Hudye Soil Services, Inc. v. Tyler

Decision Date08 April 1999
Docket NumberNo. 98-1286-JTM.,98-1286-JTM.
Citation46 F.Supp.2d 1157
PartiesHUDYE SOIL SERVICES, INC., Plaintiff, v. JOHN TYLER, Wheaties, Inc., John Walker, Jim Baker and KB Samplers, Defendants.
CourtU.S. District Court — District of Kansas

Kent G. Voth, Triplett, Woolf & Garretson, LLC, Wichita, KS, Grant M. Glenn, Woner, Glenn, Reeder & Girard, Topeka, KS, Michael V. Foust, Goodland, KS, for plaintiff.

Karry E. McQueen, Sharp, McQueen, McKinley, Dreiling, Morain & Tate, P.A., Liberal, KS, for John Tyler, Wheaties, Inc., defendants.

Robert E. Durrett, Coombs & Durrett,Chartered, Wichita, KA, Paul S. McCausland, Young, Bogle, McCausland, Wells & Blanchard, Wichita, KS, for John Walker, Jim Baker, defendants.

MEMORANDUM AND ORDER

MARTEN, District Judge.

John Walker and Jim Baker are named as individual defendants in this case. They have filed a motion to dismiss for lack of personal jurisdiction and improper venue pursuant to Fed.R.Civ.P. 12(b)(2) and (3) or in the alternative to dismiss under the doctrine of forum non conveniens. Plaintiff has responded and Mr. Walker and Mr. Baker have filed a reply. After reviewing the parties' submissions, the court finds it is without personal jurisdiction over Mr. Walker and Mr. Baker. For the reasons set forth below, their motion to dismiss is granted.

I. Factual Background

Plaintiff is a corporation, organized under the laws of and having its principal place of business in the province of Saskatchewan, Canada. John Tyler is a Kansas resident who is affiliated with the defendant, Wheaties, Inc. ("Wheaties"), a corporation organized under the laws of the state of Kansas. John Walker is a resident of Casa Grande, Arizona and is engaged in farming and custom harvesting in Arizona. He performs custom harvesting through a corporation, John Walker Trucking, Inc. ("JWT"). Jim Baker is a resident of Spearman, Texas, and is engaged in custom harvesting throughout the Southwest, Rocky Mountains and Great Plains.1

Plaintiff entered into a series of Equipment Rental Agreements with Mr. Tyler and Wheaties to rent one John Deere 8400 tractor, eight John Deere combines and eight platforms. The parties entered into the agreement for the tractor in 1995, and they entered into the agreement for the combines and platforms in 1996.

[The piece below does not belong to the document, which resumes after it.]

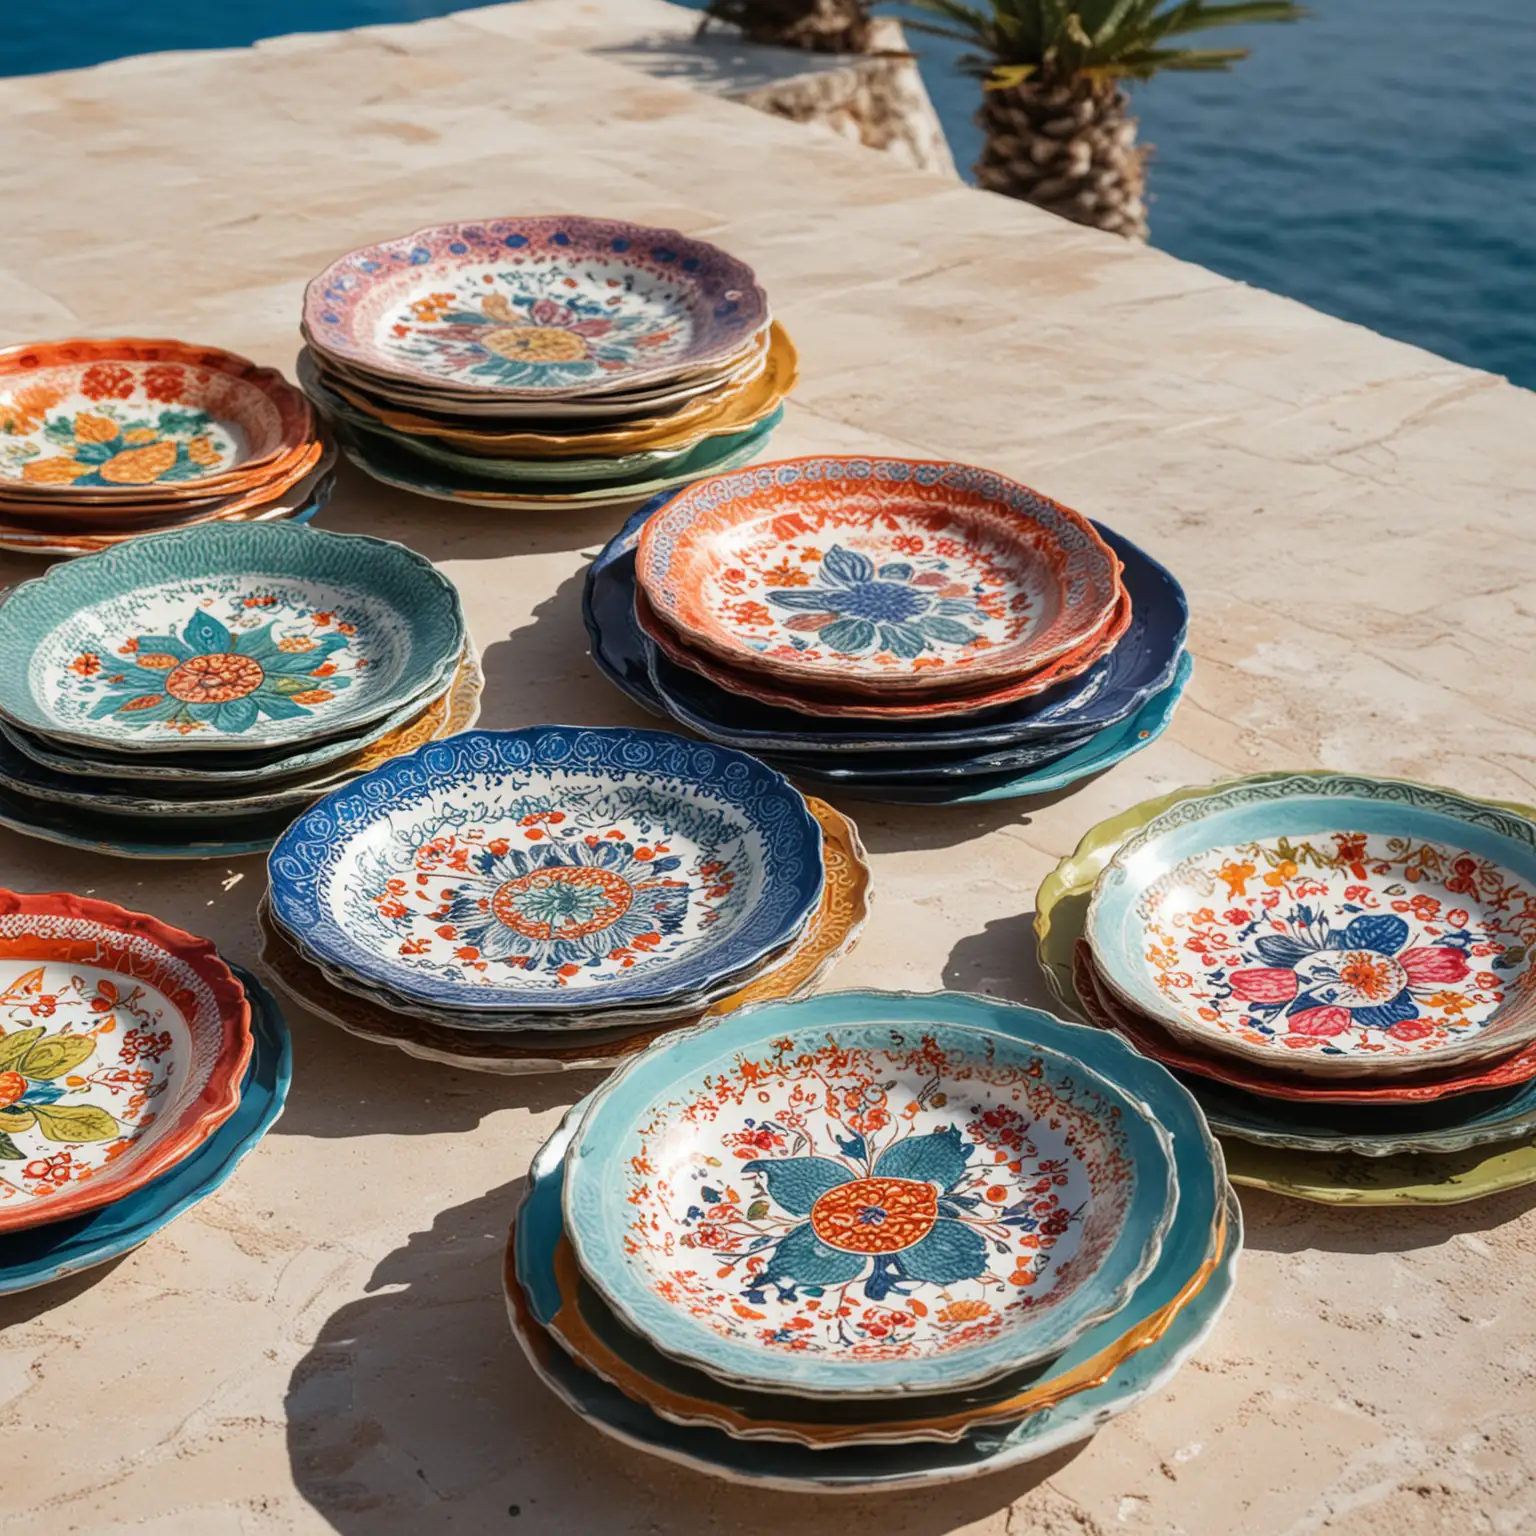 Luxury-Villa-Mediterranean-Sea-Close-Up-of-6-Colorful-Plates

In the spring of 1996, the United States Department of Agriculture Animal and Plant Health Inspection Service (APHIS) threatened to ban the harvesting of the 1996 Arizona wheat crop because of a potential infestation by a fungus known as Karnal Bunt. APHIS conducted several public meetings with Arizona farmers and custom harvesters to discuss the sampling protocol to be required by APHIS and the possible method for carrying out sampling in order for Arizona's 1996 wheat harvest to proceed. Mr. Tyler initially learned about the Karnal Bunt problem in Arizona on the news. He contacted Mr. Walker and told him they should contact APHIS to see if they could provide assistance in testing the wheat fields. At one of the APHIS meetings, Mr. Walker proposed a method to complete sampling of the Arizona wheat fields within a time period that would permit completion of the 1996 wheat harvest.

As a result of Mr. Walker's proposal, JWT, as general contractor, entered into an agreement with APHIS to conduct the sampling for the entire state of Arizona. JWT subcontracted the harvesting work to Field Samplers, L.L.C. ("FS"), an Arizona limited liability company created by JWT and Wheaties to harvest samples and further subcontract sampling work to other custom harvesters. Shortly after its inception, Mr. Baker d/b/a Baker Harvesting, joined FS as a member.

FS did business as and was sometimes referred to as "KB Samplers" in connection with the sampling program. No separate legal entity or partnership operating under the name KB Samplers has or did exist.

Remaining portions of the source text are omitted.